#### What you should do:
Take the entries that follow and return exactly the lines from the one holding "Members of security" through the one holding "21 Bobby Fischer", both included. Nothing else is needed.

### Information given ###

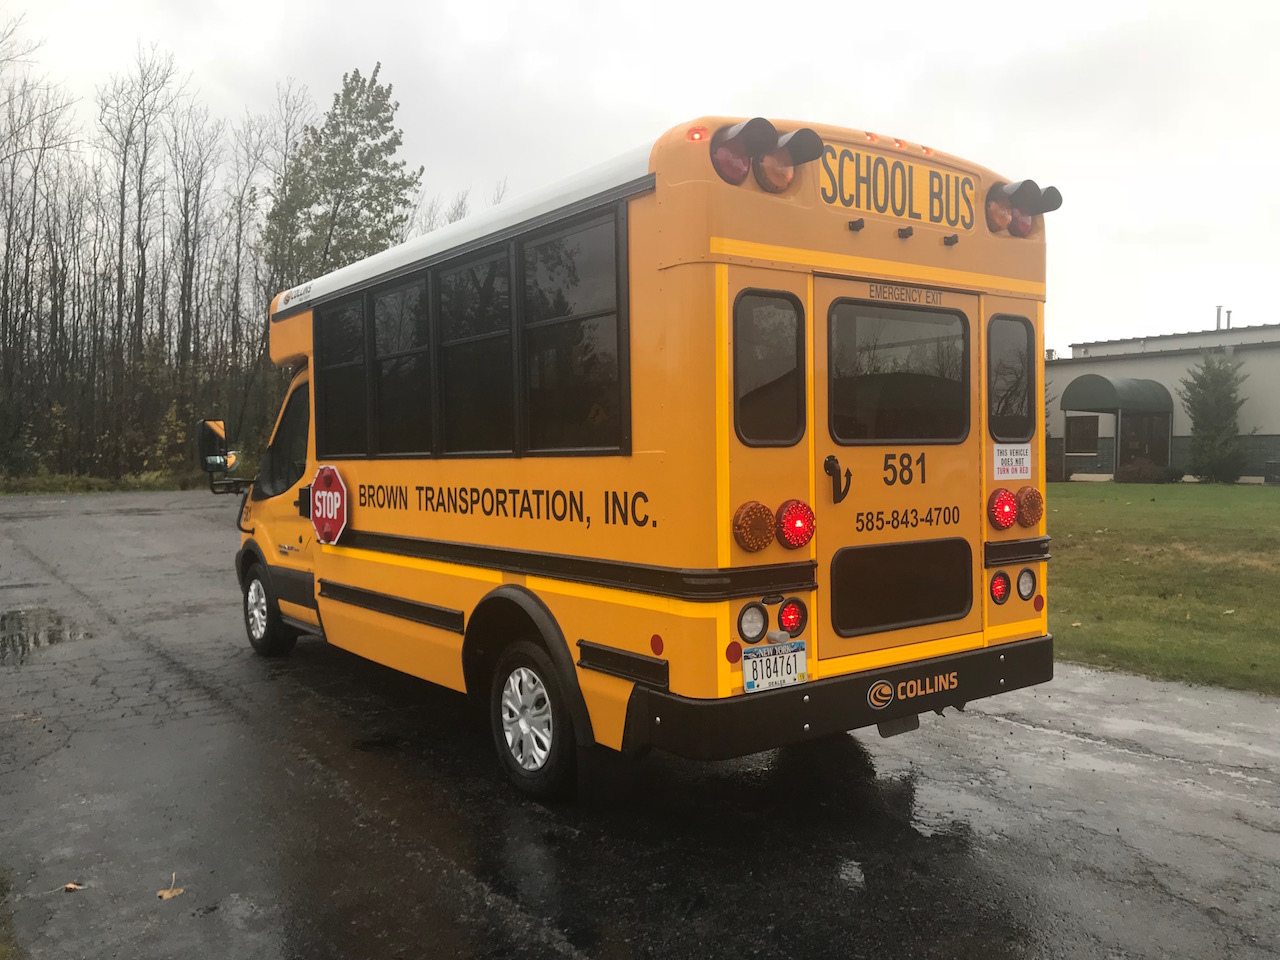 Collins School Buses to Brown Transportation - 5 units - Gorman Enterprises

###
### Information given ###

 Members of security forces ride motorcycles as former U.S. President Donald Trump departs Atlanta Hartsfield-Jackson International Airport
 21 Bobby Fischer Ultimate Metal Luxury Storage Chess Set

###
### Information given ###

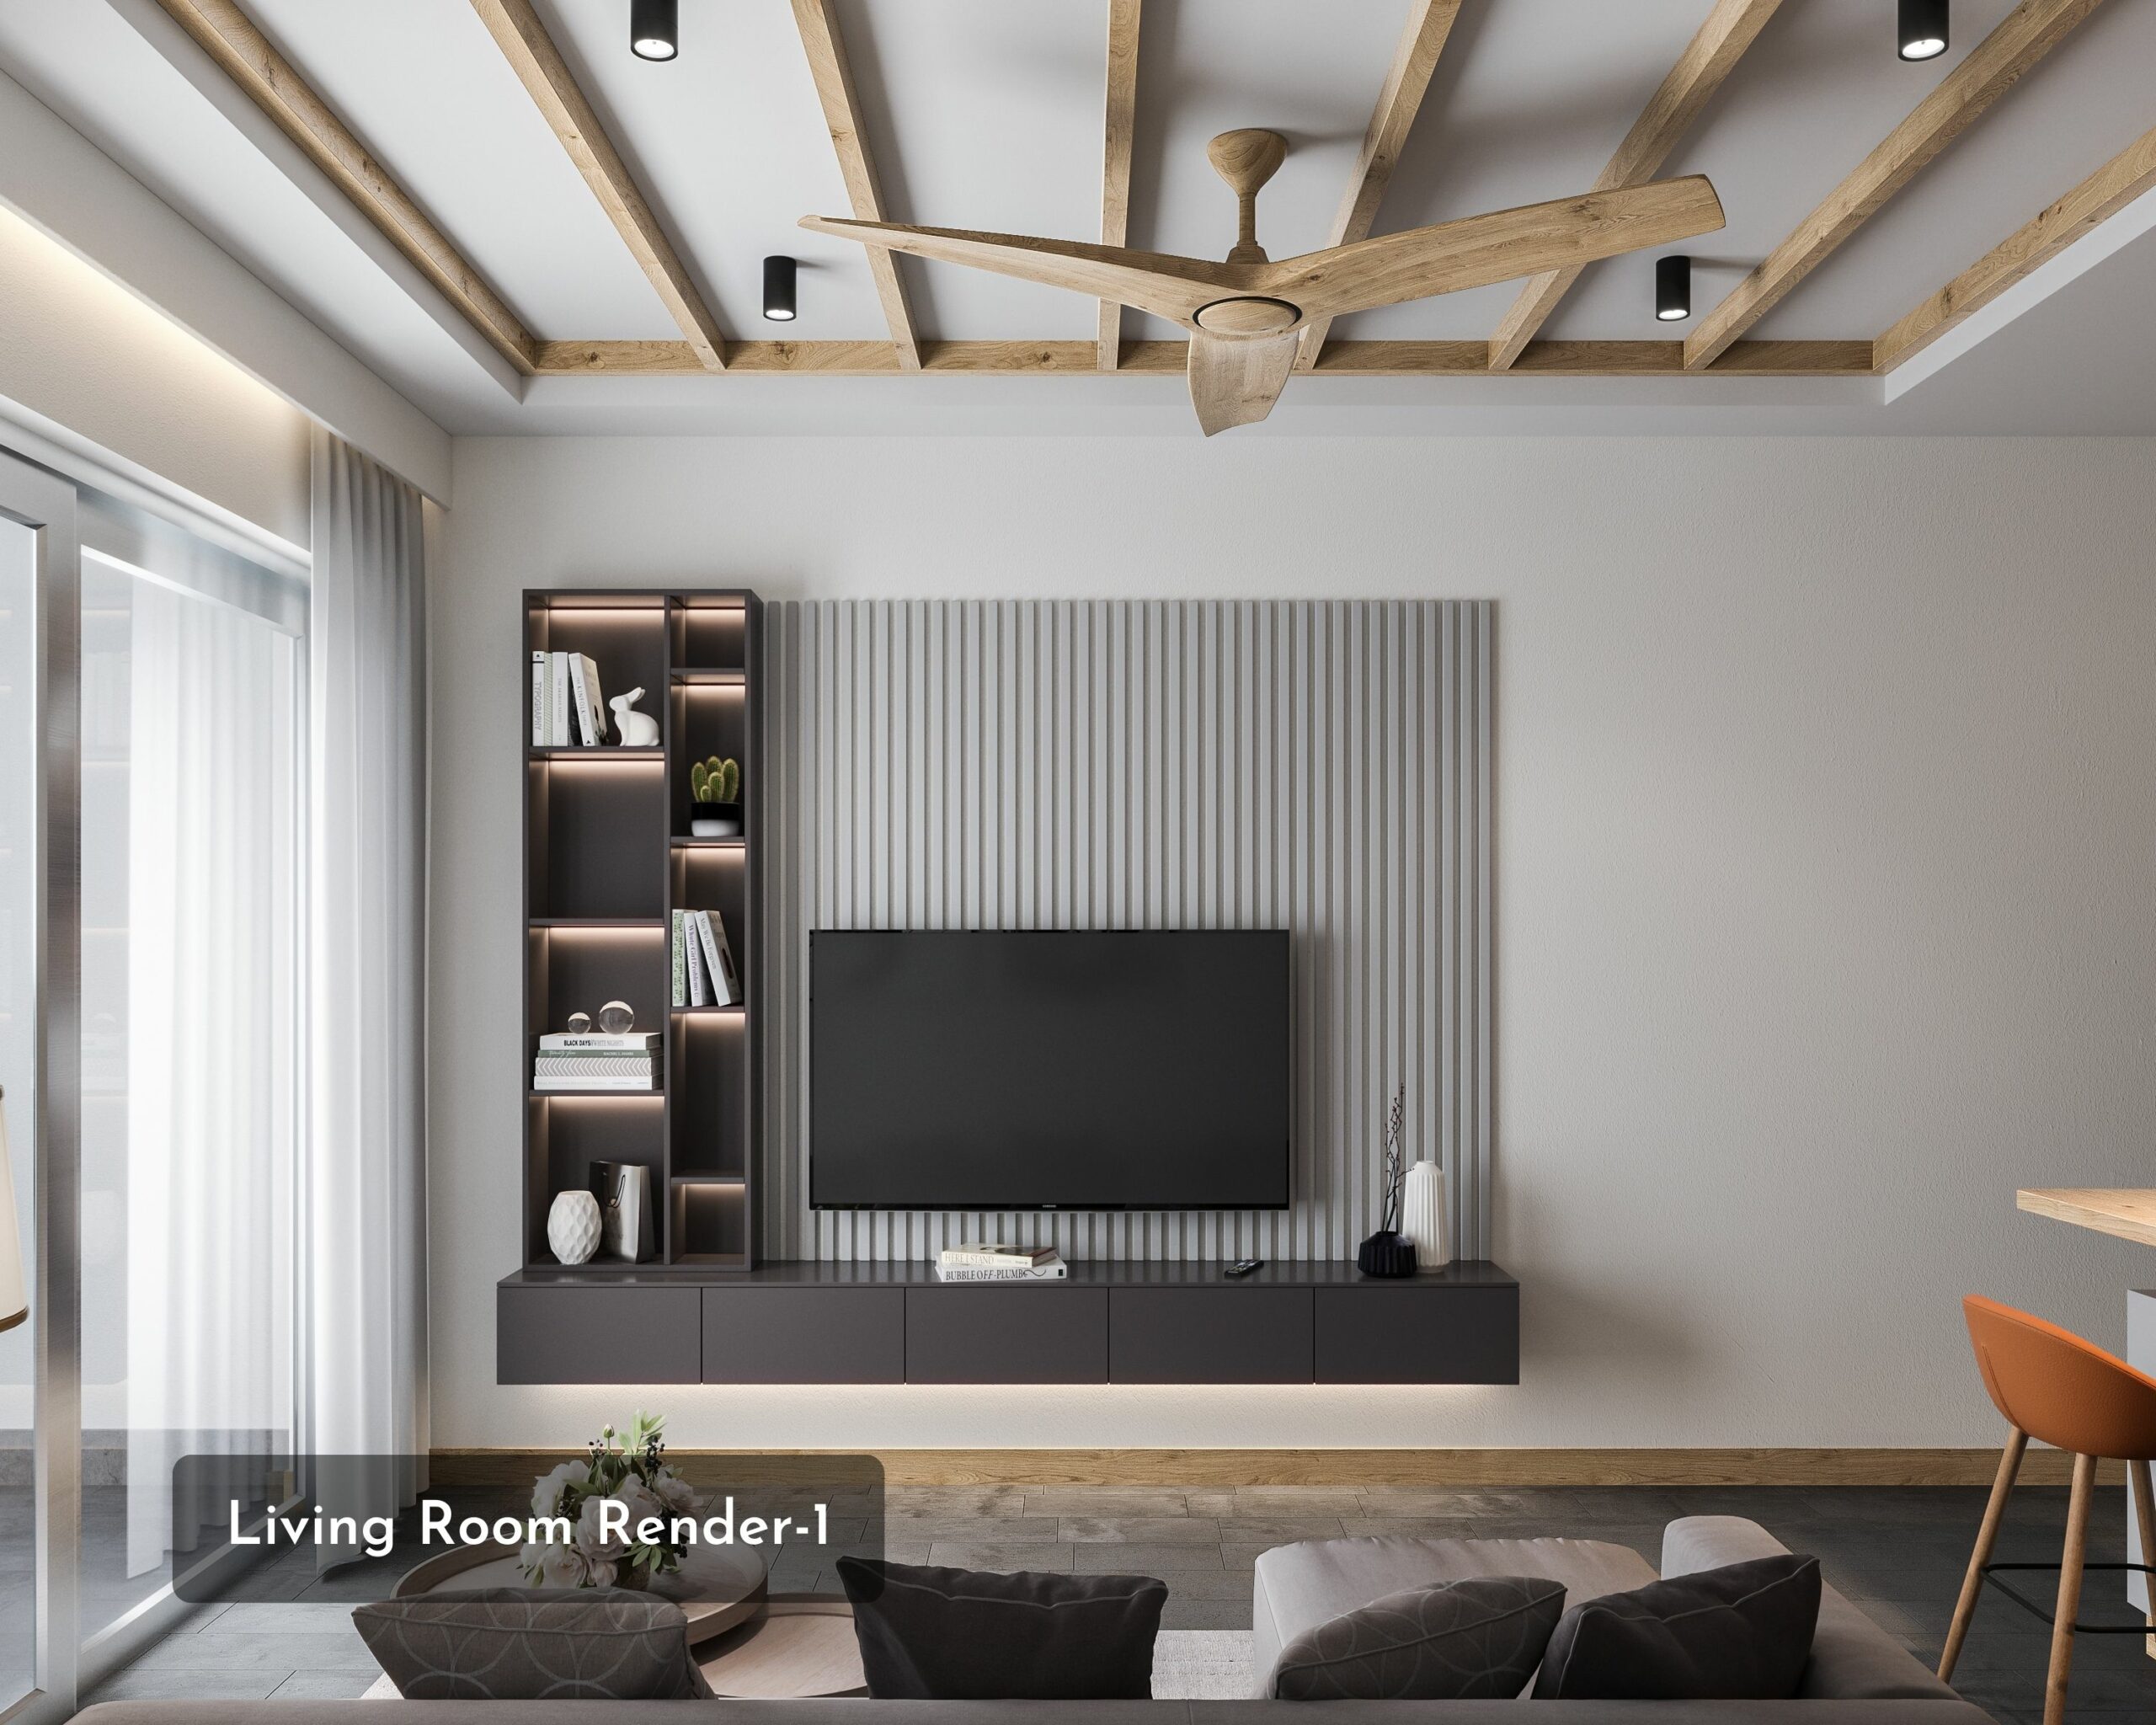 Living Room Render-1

###

#### Task answer:
 Members of security forces ride motorcycles as former U.S. President Donald Trump departs Atlanta Hartsfield-Jackson International Airport
 21 Bobby Fischer Ultimate Metal Luxury Storage Chess Set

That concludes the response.